- Opening Delimiter -

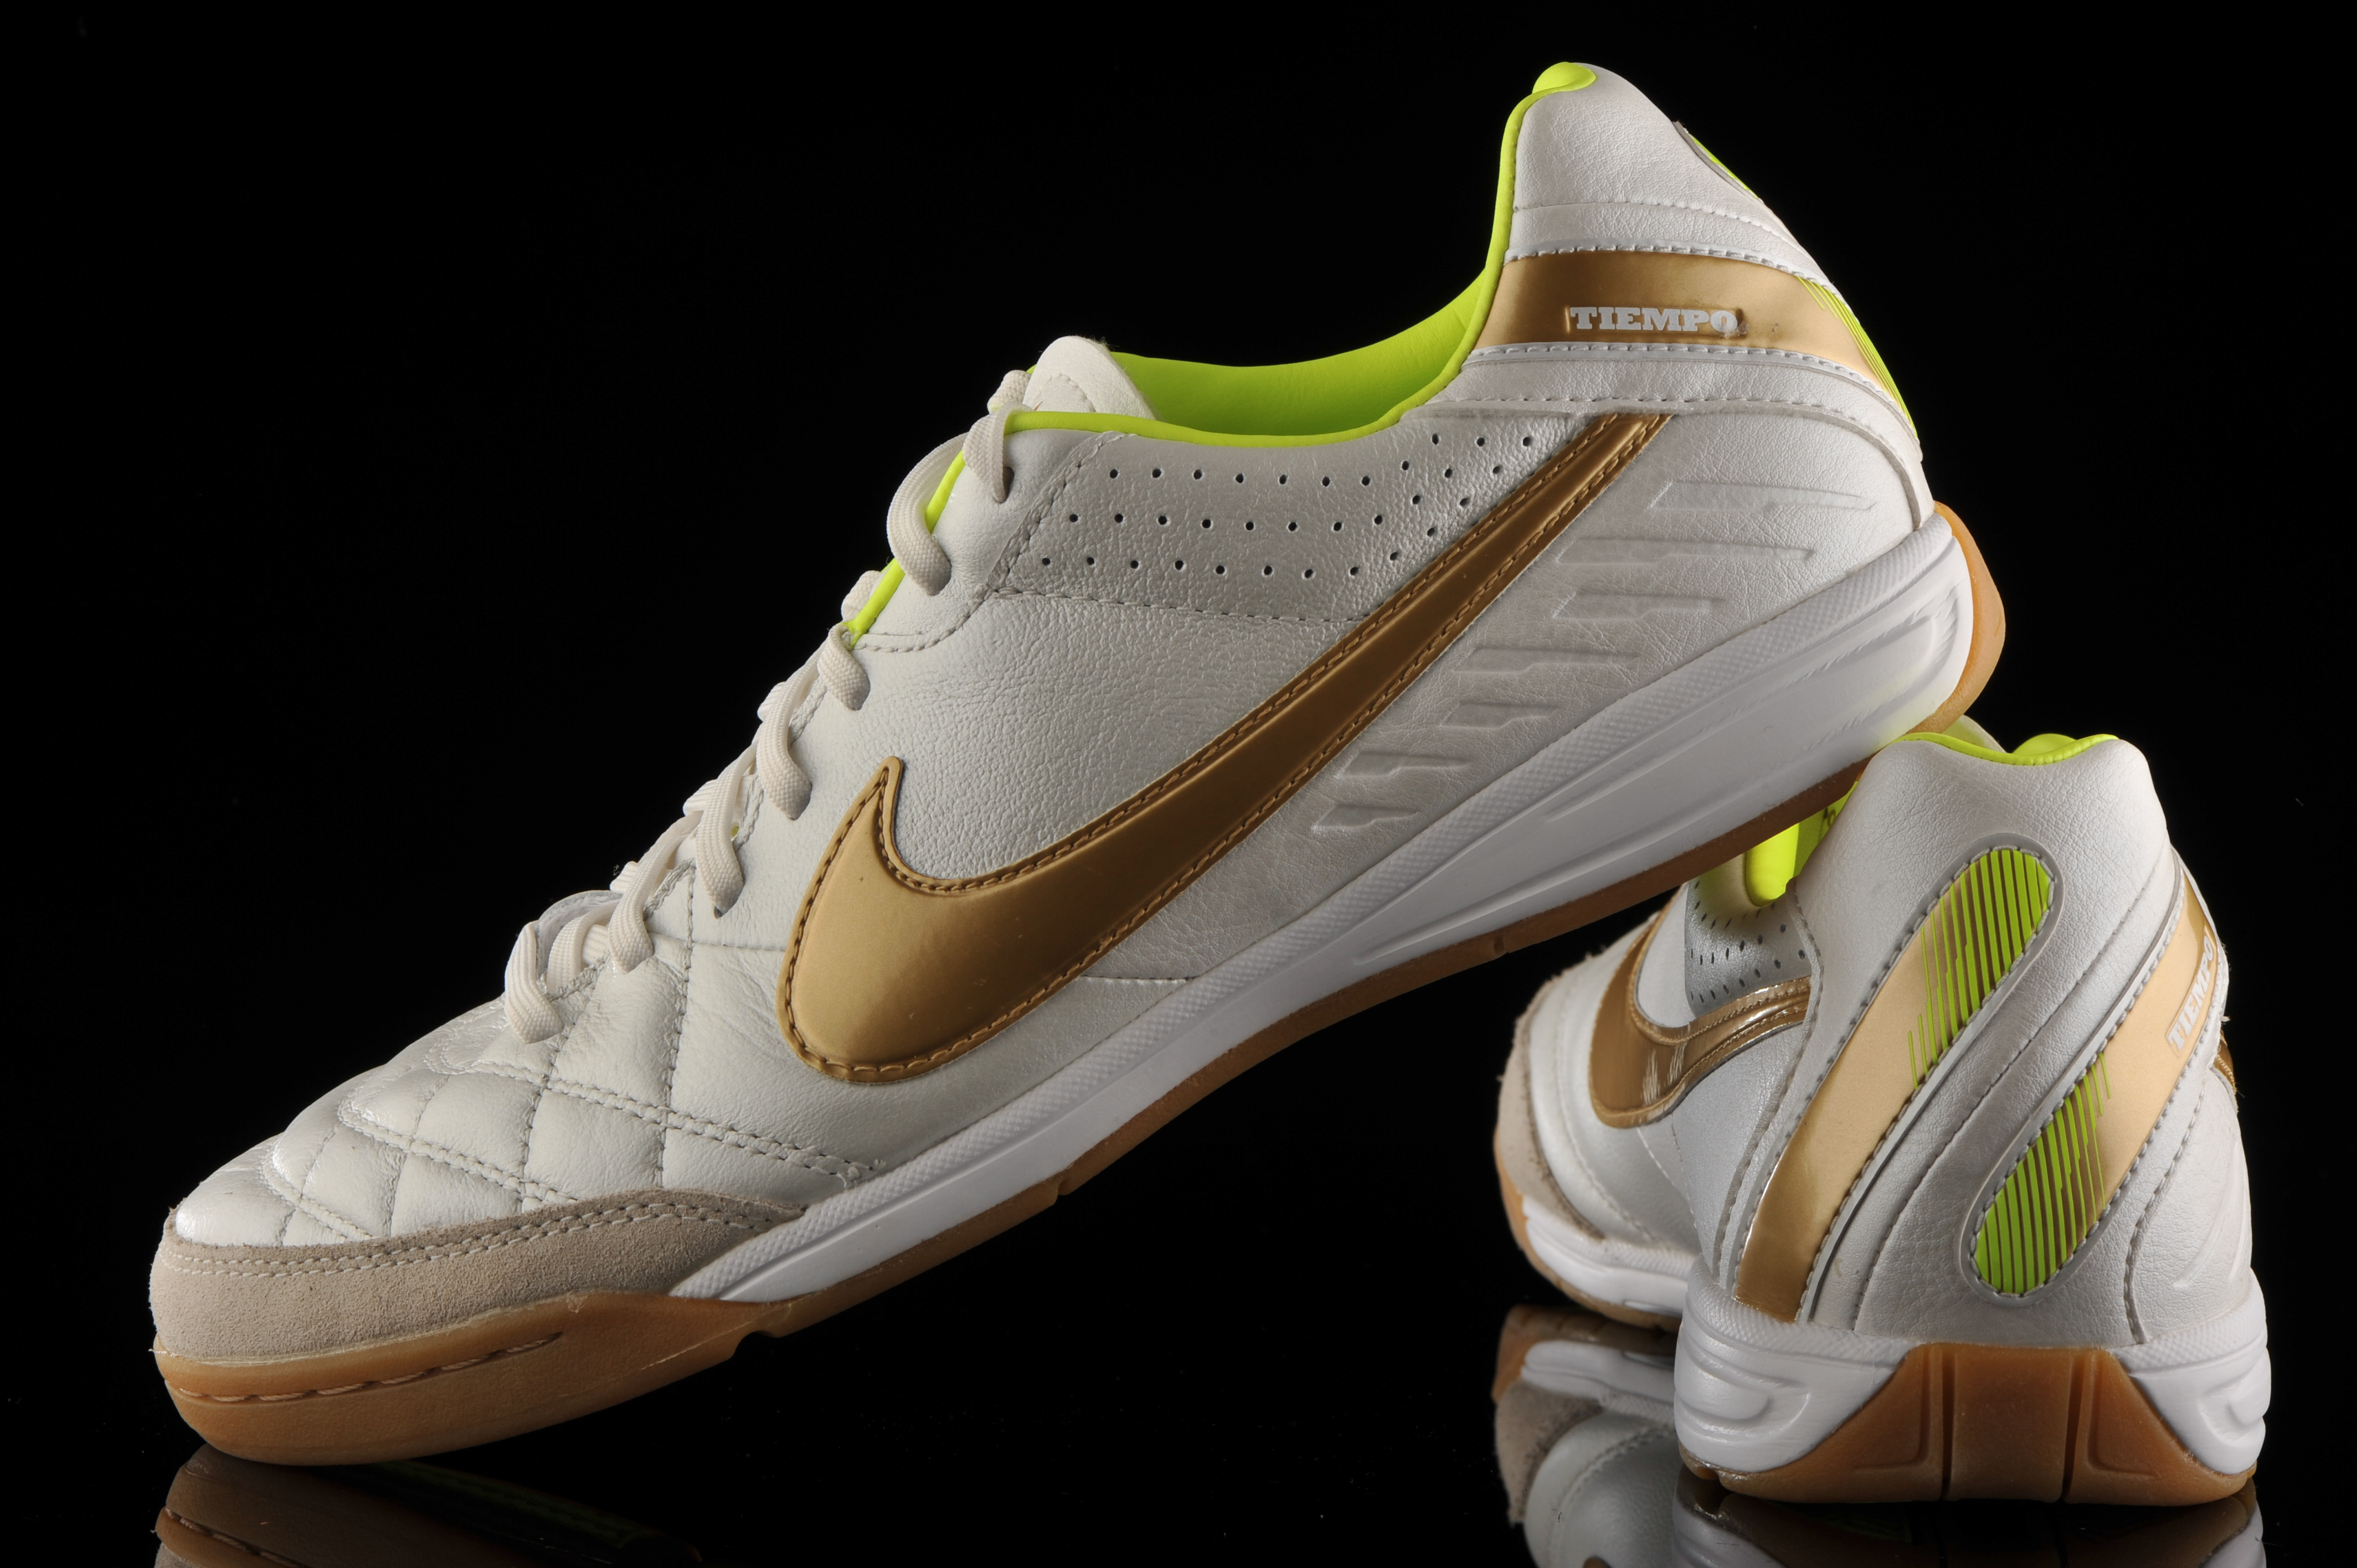 Masaje Qué Centrar  Nike Tiempo Mystic IV IC 454333-177 | R-GOL.com - Football boots & equipment
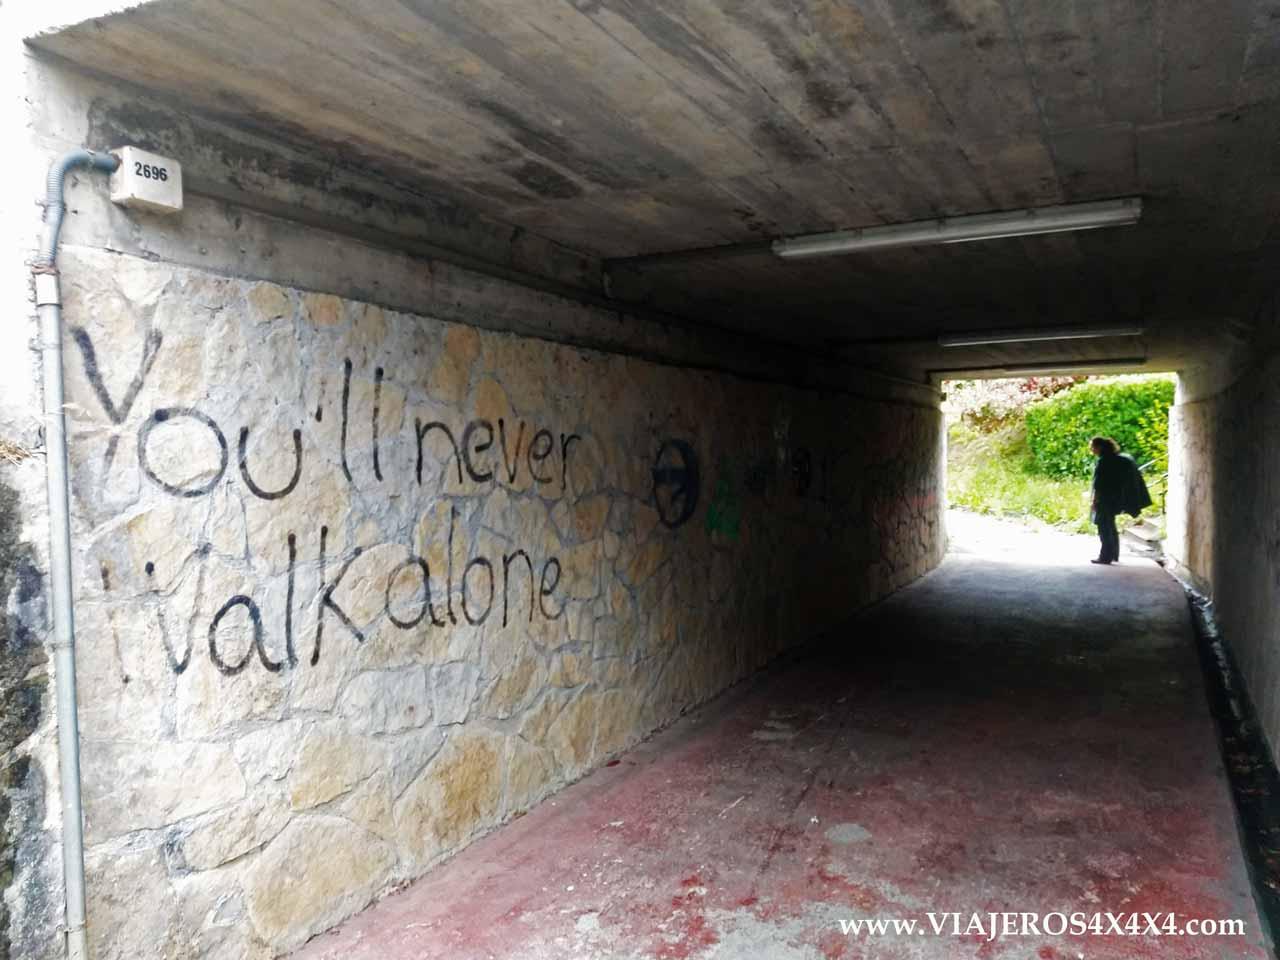 Grafiti you'll never walk alone
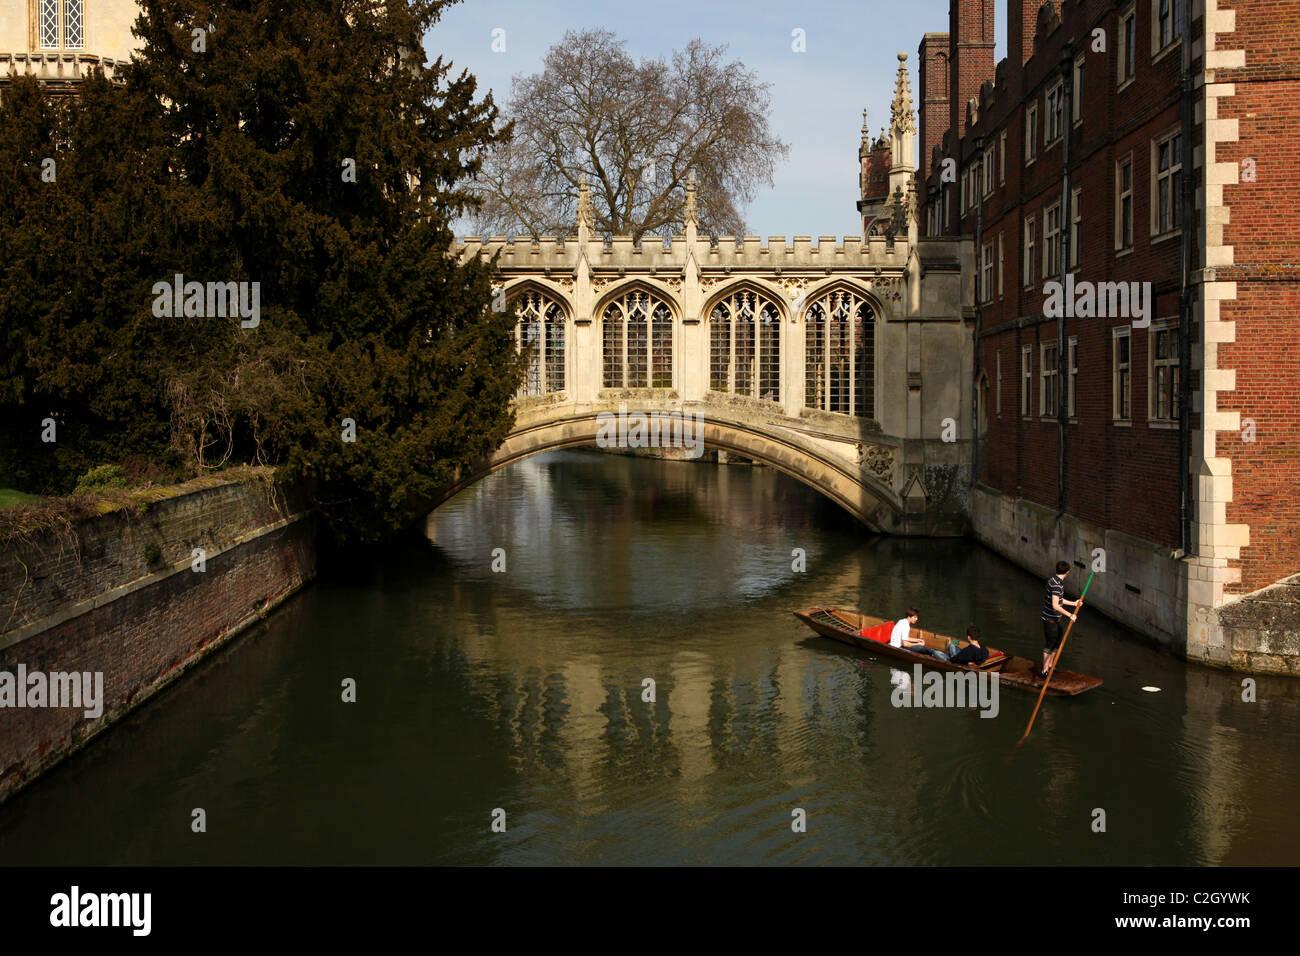 Punt under the Bridge of Sighs at St. John's College, Cambridge, UK - Stock Image

- Closing Delimiter -

Exercise aim — Leave the pictures out. Output exactly, and only, the lines from the one with "Grafiti you'll never walk alone" through the last line of the listing above, both included.

Your solution —
 Grafiti you'll never walk alone
 Punt under the Bridge of Sighs at St. John's College, Cambridge, UK - Stock Image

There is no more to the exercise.